Task objective:
In the data below, begin at the line with "Chevy V6 Vortec" and stop after the line with "Satechi Laptop Carrying Bag"; output those lines exactly and no pictures.

Information given:
....

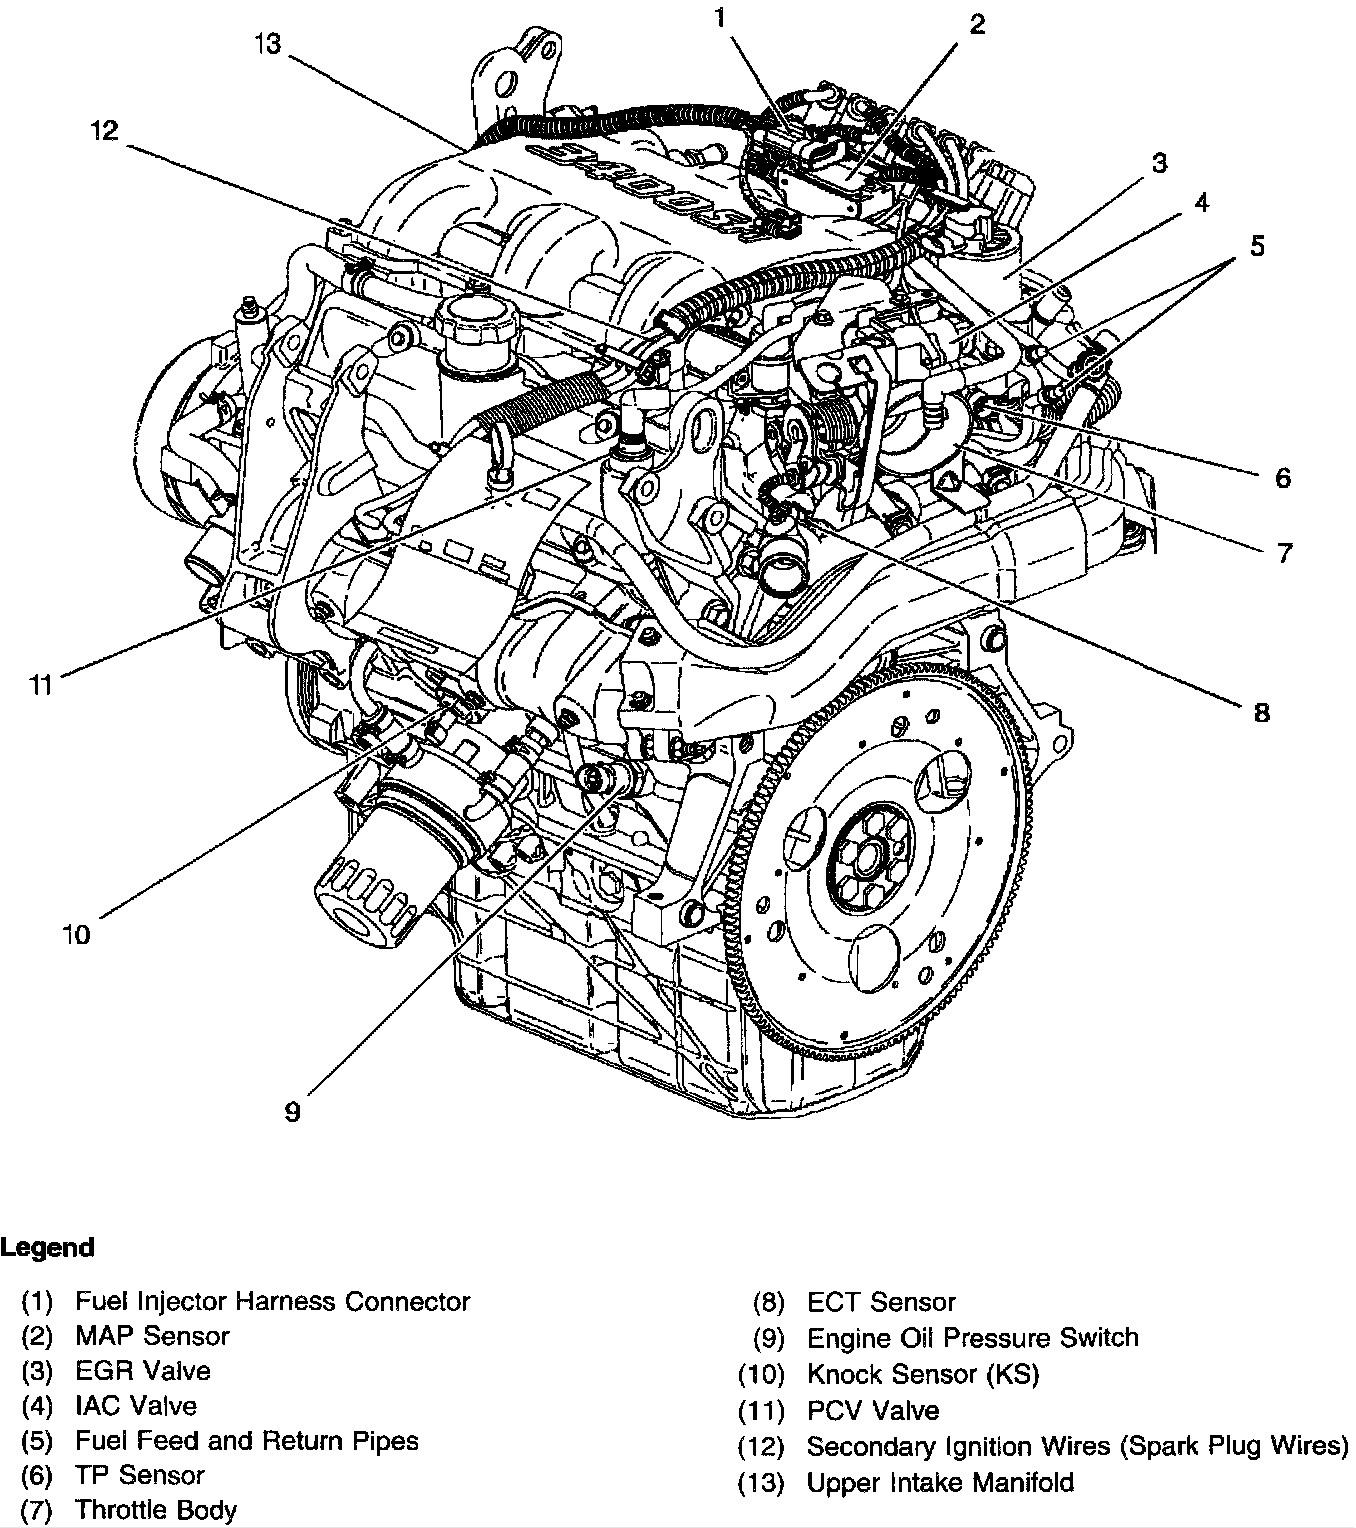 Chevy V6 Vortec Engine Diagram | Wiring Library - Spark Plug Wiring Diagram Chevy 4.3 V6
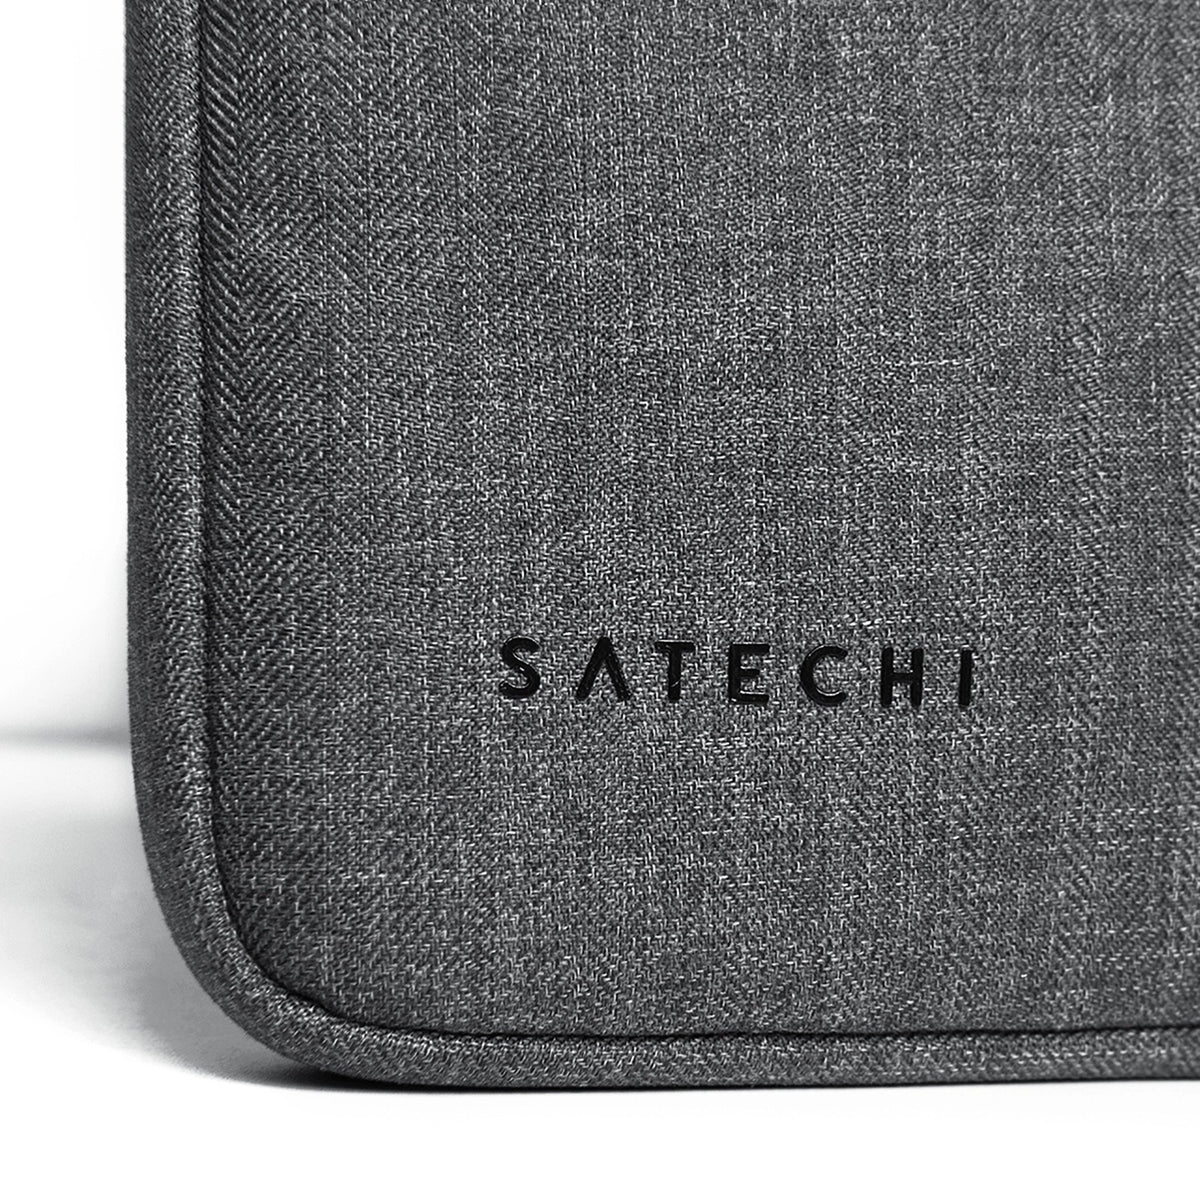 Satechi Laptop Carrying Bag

....

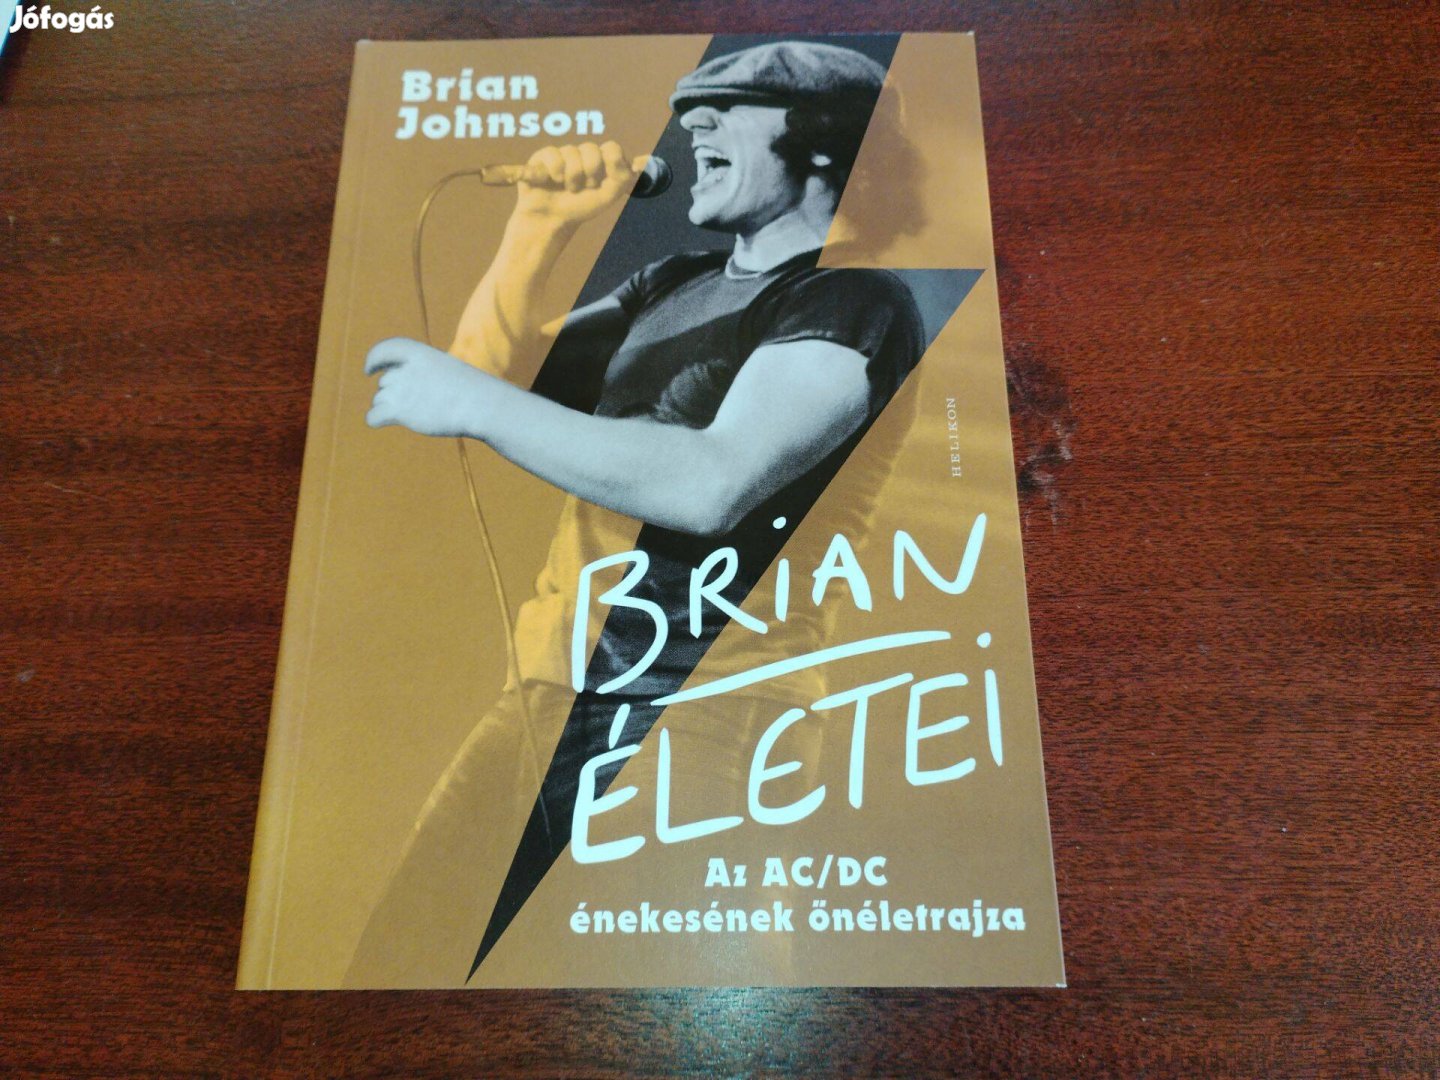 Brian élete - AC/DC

....

Task response:
 Chevy V6 Vortec Engine Diagram | Wiring Library - Spark Plug Wiring Diagram Chevy 4.3 V6
 Satechi Laptop Carrying Bag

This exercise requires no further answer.